Book The Early Republic and Antebellum America

Download or read book The Early Republic and Antebellum America written by Christopher G. Bates and published by Routledge. This book was released on 2015-04-08 with total page 1453 pages. Available in PDF, EPUB and Kindle. Book excerpt: First Published in 2015. Routledge is an imprint of Taylor & Francis, an Informa company.

Book Michigan

    Book Details:
  • Author :
  • Publisher : John Wiley & Sons
  • Release : 2017-11-23
  • ISBN : 1118649737
  • Pages : 470 pages

Download or read book Michigan written by and published by John Wiley & Sons. This book was released on 2017-11-23 with total page 470 pages. Available in PDF, EPUB and Kindle. Book excerpt: The fifth edition of Michigan: A History of the Great Lakes State presents an update of the best college-level survey of Michigan history, covering the pre-Columbian period to the present. Represents the best-selling survey history of Michigan Includes updates and enhancements reflecting the latest historic scholarship, along with the new chapter ‘Reinventing Michigan’ Expanded coverage includes the socio-economic impact of tribal casino gaming on Michigan’s Native American population; environmental, agricultural, and educational issues; recent developments in the Jimmy Hoffa mystery, and collegiate and professional sports Delivered in an accessible narrative style that is entertaining as well as informative, with ample illustrations, photos, and maps Now available in digital formats as well as print

Book Floating Palaces of the Great Lakes

Download or read book Floating Palaces of the Great Lakes written by Joel Stone and published by University of Michigan Press.
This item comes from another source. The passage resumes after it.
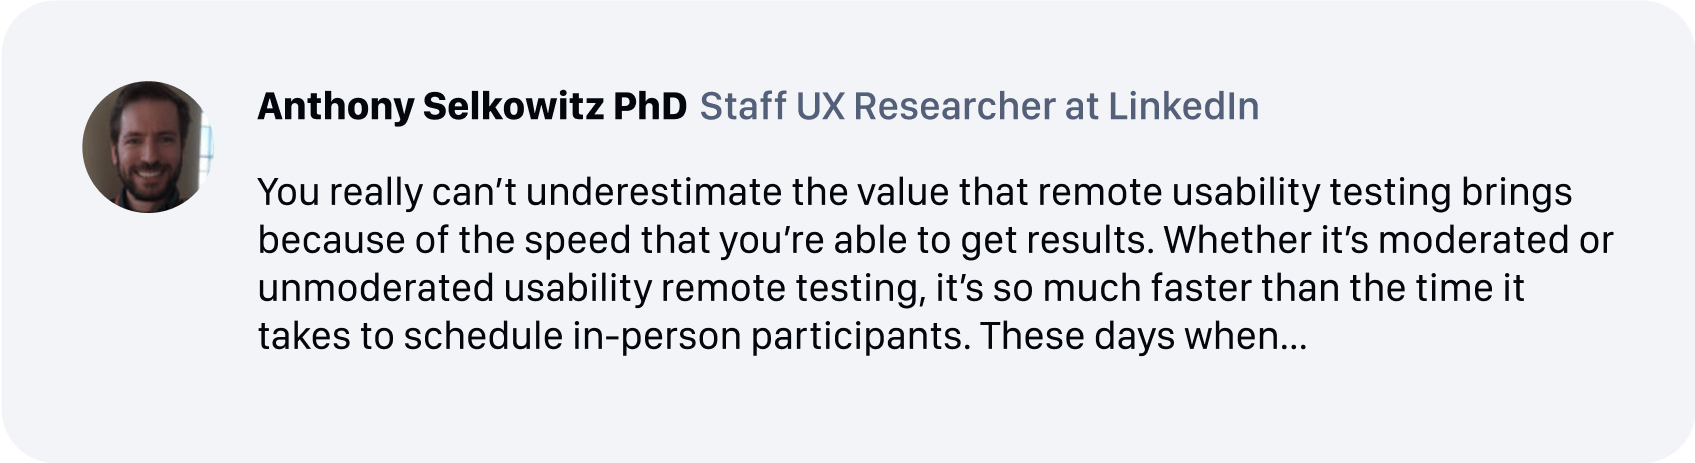 Anthony Selkowitz PhD, Staff UX Researcher at LinkedIn - You really can’t underestimate the value that remote usability testing brings because of the speed that you’re able to get results. Whether it’s moderated or unmoderated usability remote testing, it’s so much faster than the time it takes to schedule in-person participants. These days when...

This book was released on 2015-06-30 with total page 297 pages. Available in PDF, EPUB and Kindle. Book excerpt: Through much of the nineteenth century, steam-powered ships provided one of the most reliable and comfortable transportation options in the United States, becoming a critical partner in railroad expansion and the heart of a thriving recreation industry. The aesthetic, structural, and commercial peak of the steamboat era occurred on the Great Lakes, where palatial ships created memories and livelihoods for millions while carrying passengers between the region’s major industrial ports of Chicago, Milwaukee, Detroit, Cleveland, Buffalo, and Toronto. By the mid-twentieth century, the industry was in steep decline, and today North America’s rich and entertaining steamboat heritage has been largely forgotten. In Floating Palaces of the Great Lakes, Joel Stone revisits this important era of maritime history, packed with elegance and adventure, politics and wealth, triumph and tragedy. This story of Great Lakes travelers and the beautiful floating palaces they engendered will engage historians and history buffs alike, as well as genealogists, regionalists, and researchers.